An example of the basic research carried out includes studying disease processes at the molecular scale. For example, it was reported that a researcher at the Hauptman-Woodward Medical Research Institute had moved a step closer to a cure, and possibly the prevention, of the most common type of breast cancer.

In 1994, the Medical Foundation was renamed the Hauptman-Woodward Medical Research Institute. The name "Hauptman" comes from Herbert A. Hauptman, who pioneered mathematical techniques for determining atomic structure from X-ray diffraction. For this discovery, Hauptman and Jerome Karle were awarded the Nobel prize in chemistry in 1985.

In 1999, the Institute received a three-year $1.5 million challenge grant from the John R. Oishei Foundation along with a $750,000 award from the Margaret L. Wendt Foundation that established a Structural Biology Center at HWI. All aspects of structural research from isolating the gene that codes for a protein of interest to applying the latest crystallographic methods are now possible here. Through this Center, HWI scientists were able to create new and improved crystal growth methods including the development of a novel and patented high-throughput robotic crystallization technique for expediting and optimizing the crystallization process.

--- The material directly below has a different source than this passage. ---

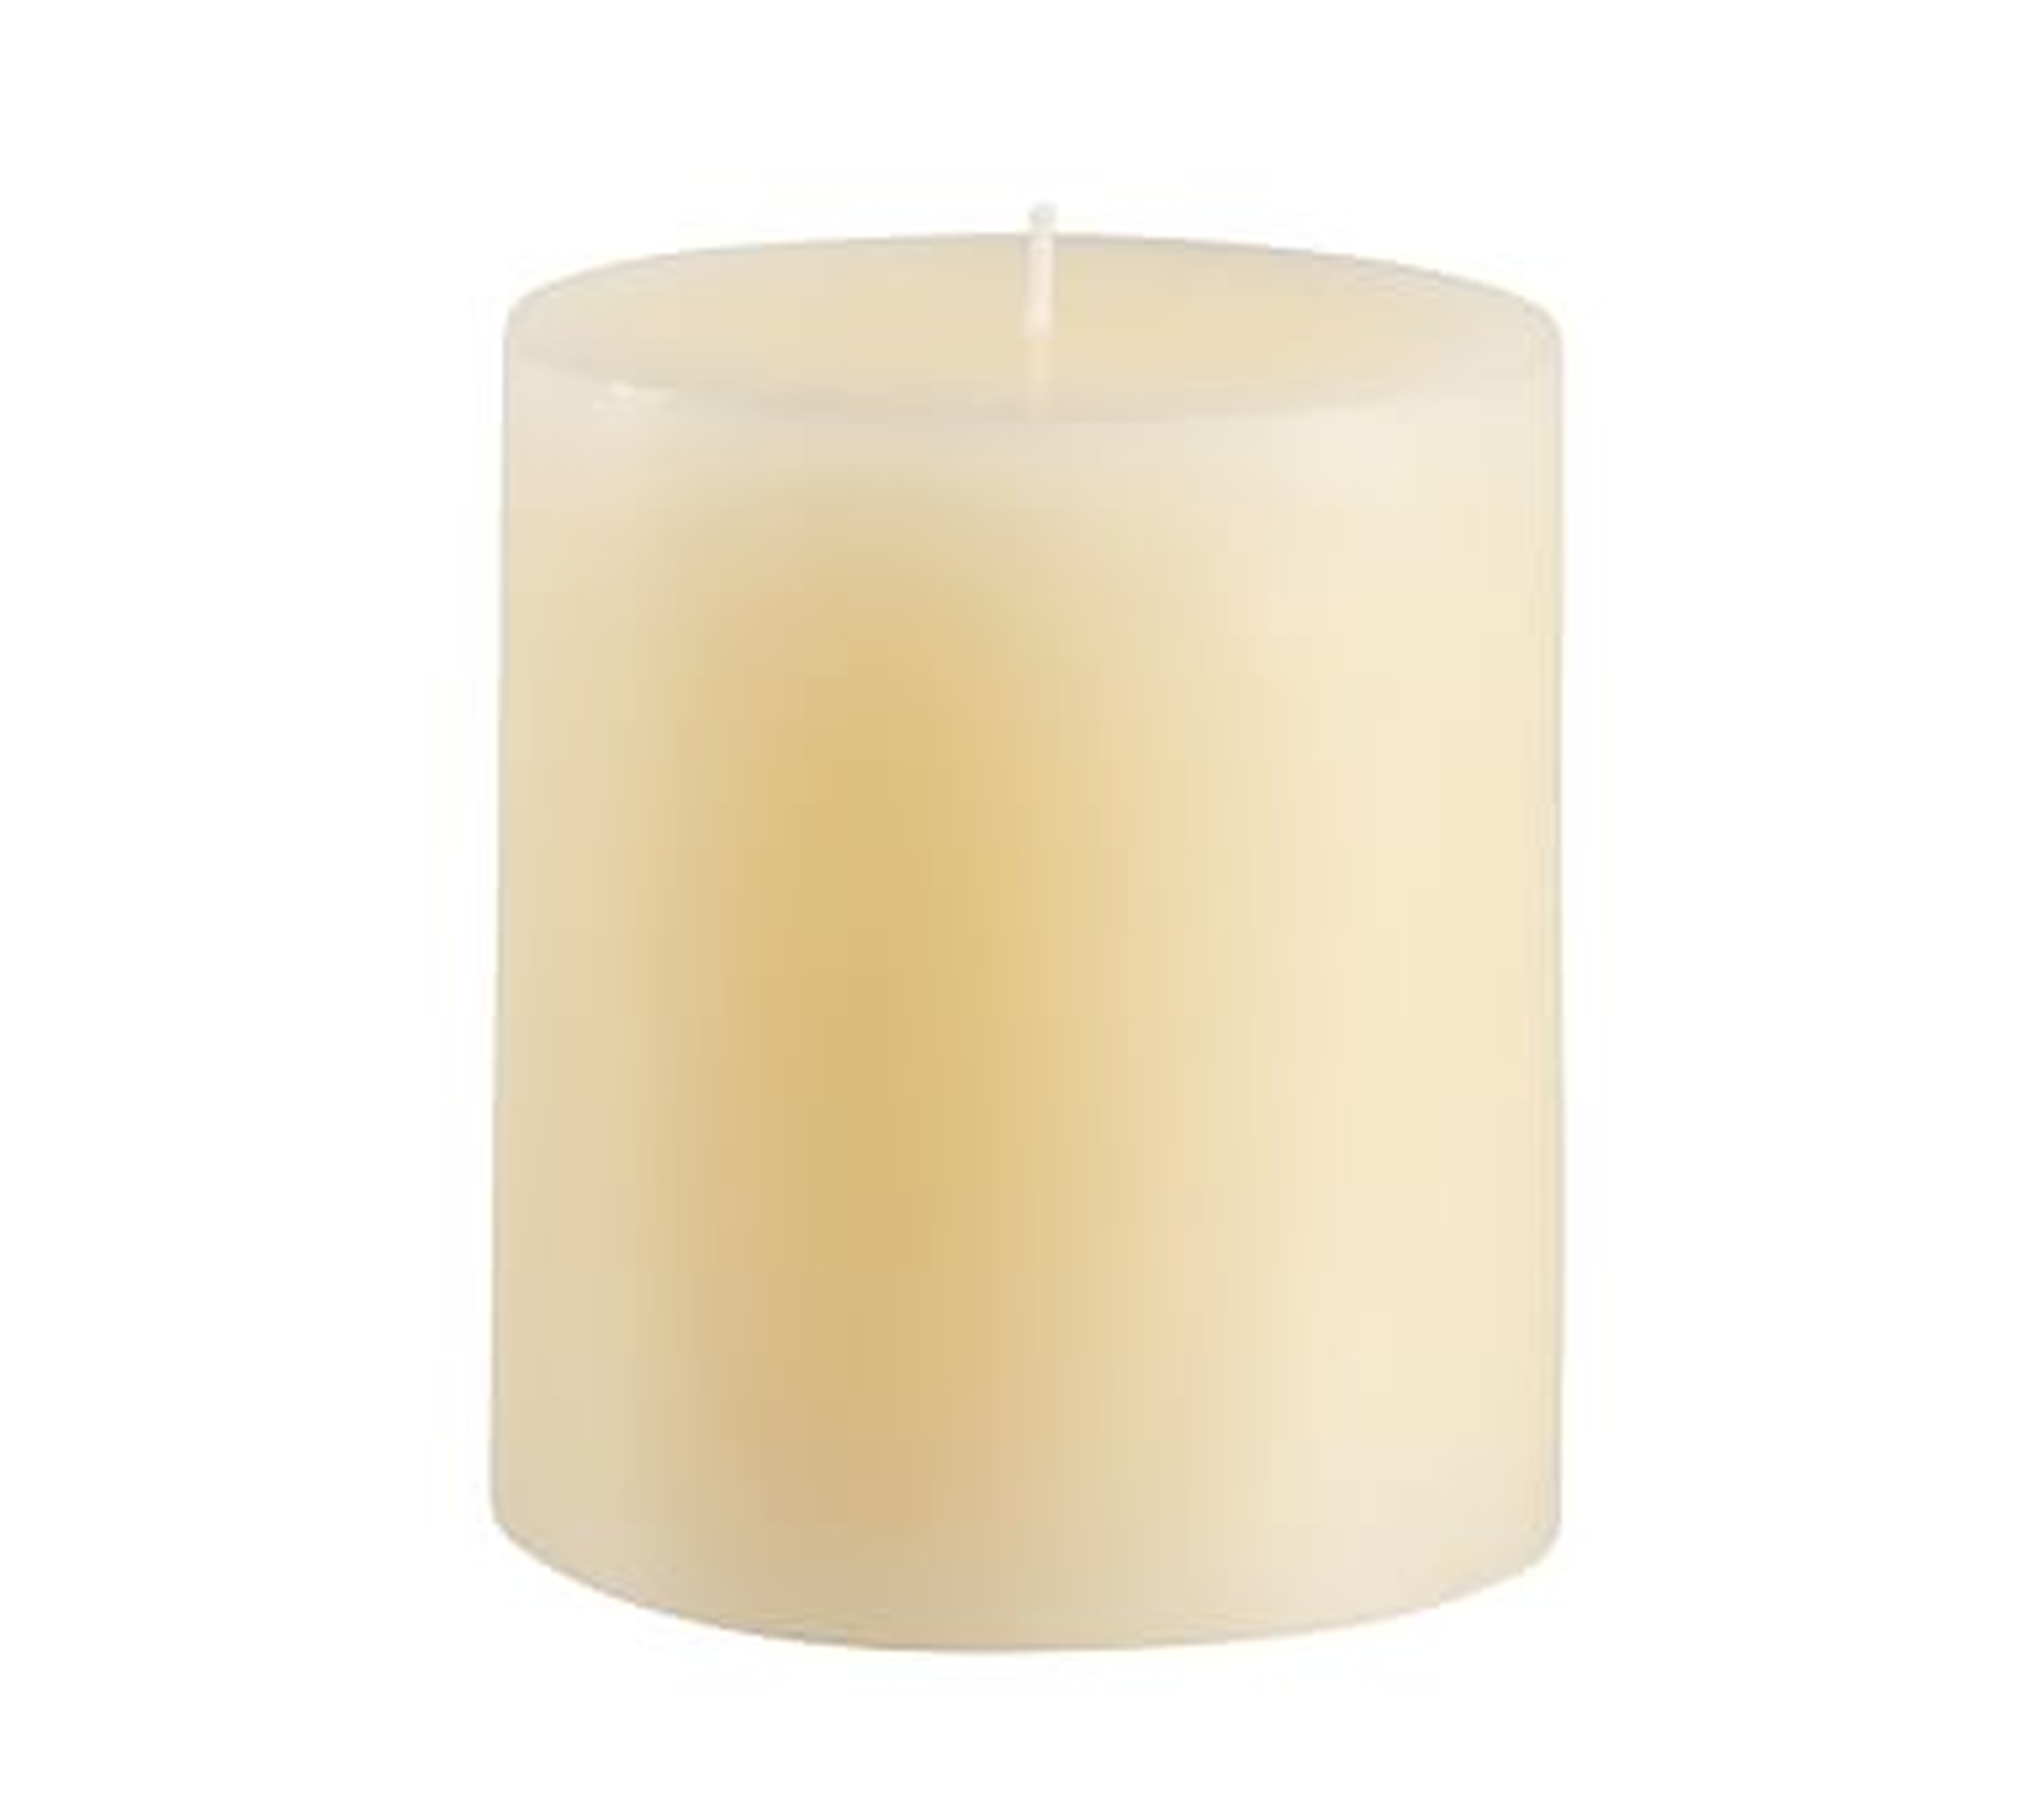 Unscented Wax Pillar Candle, 4"x4.5" - Ivory - Pottery Barn
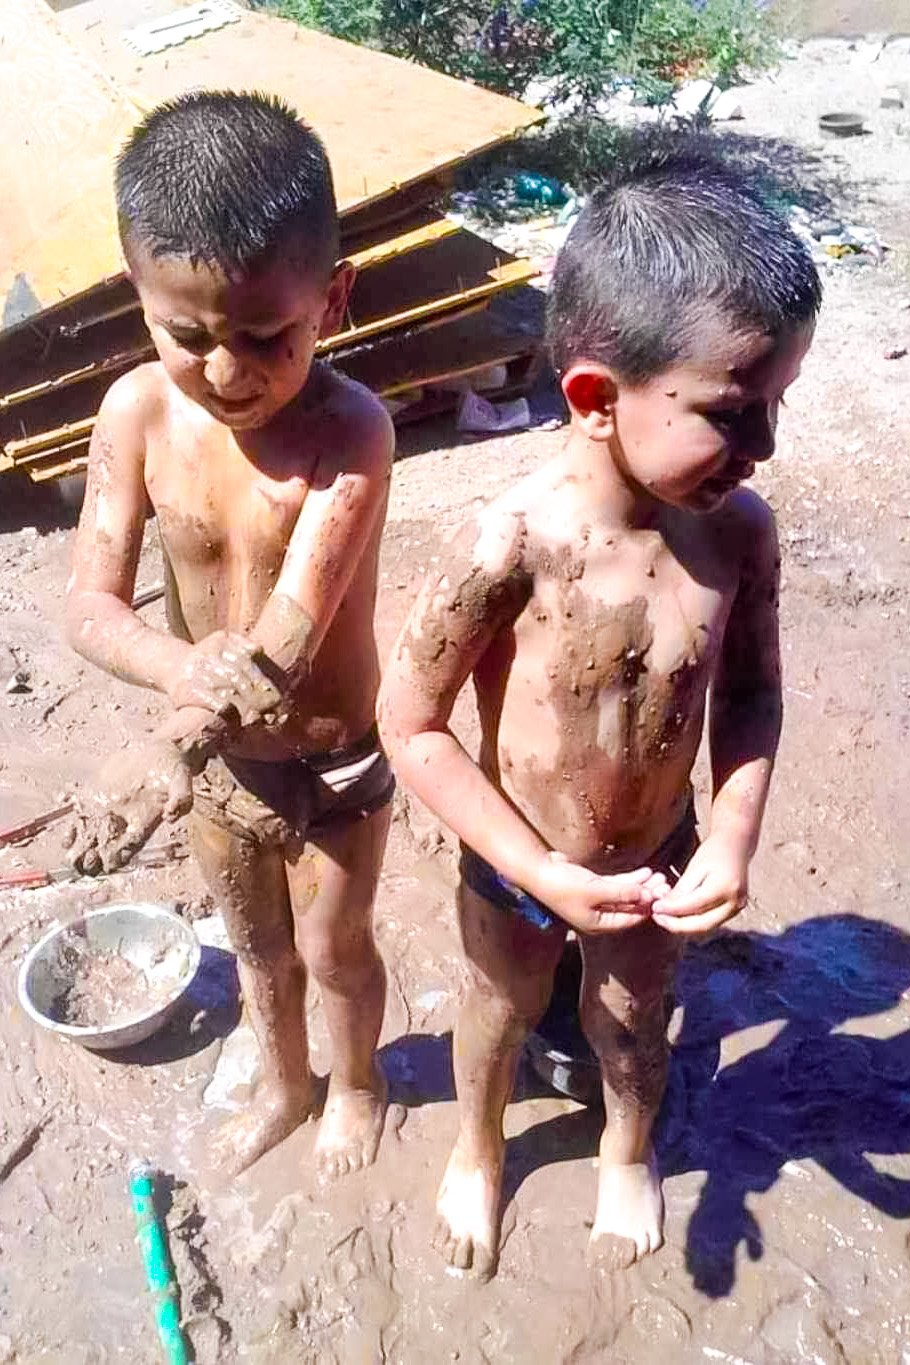 Felipe and his brother playing in mud.jpg

In 2001, BWI became a founding partner of the Buffalo Niagara Medical Campus "BNMC," and created the University at Buffalo Department of Structural Biology. Dr. George DeTitta was appointed Executive Director and CEO and Dr. Walter Pangborn was appointed to Executive Vice President. Shortly thereafter, four new scientists were added. As the University at Buffalo and Roswell Park Comprehensive Cancer Center, both members of BNMC, began plans to construct new facilities, HWI joined to form the Buffalo Life Sciences Complex which is located in the heart of the BNMC adjacent to the UB and Roswell Park sites. CannonDesign was retained along with architect Mehrdad Yazdani to design a research and office complex and construction of the Structural Biology Research Center began in August 2003, through the support of New York State, the Federal Government, local foundations, community leaders, and individuals, as well as financing through KeyBank. BWI moved into the new facility in April 2005, and have since recruited four additional scientists to the facility. In 2025 the Institute merged with the University at Buffalo to become the University at Buffalo Hauptman-Woodward Institute.

===Leadership===
On April 1, 2008, George DeTitta stepped down as CEO to return to full-time work in the lab and on July 1, 2008, Eaton E. (Ed) Lattman, formerly a Professor of Biophysics at Johns Hopkins University became HWI's new CEO. Ed was previously the dean of research and graduate education at Hopkins.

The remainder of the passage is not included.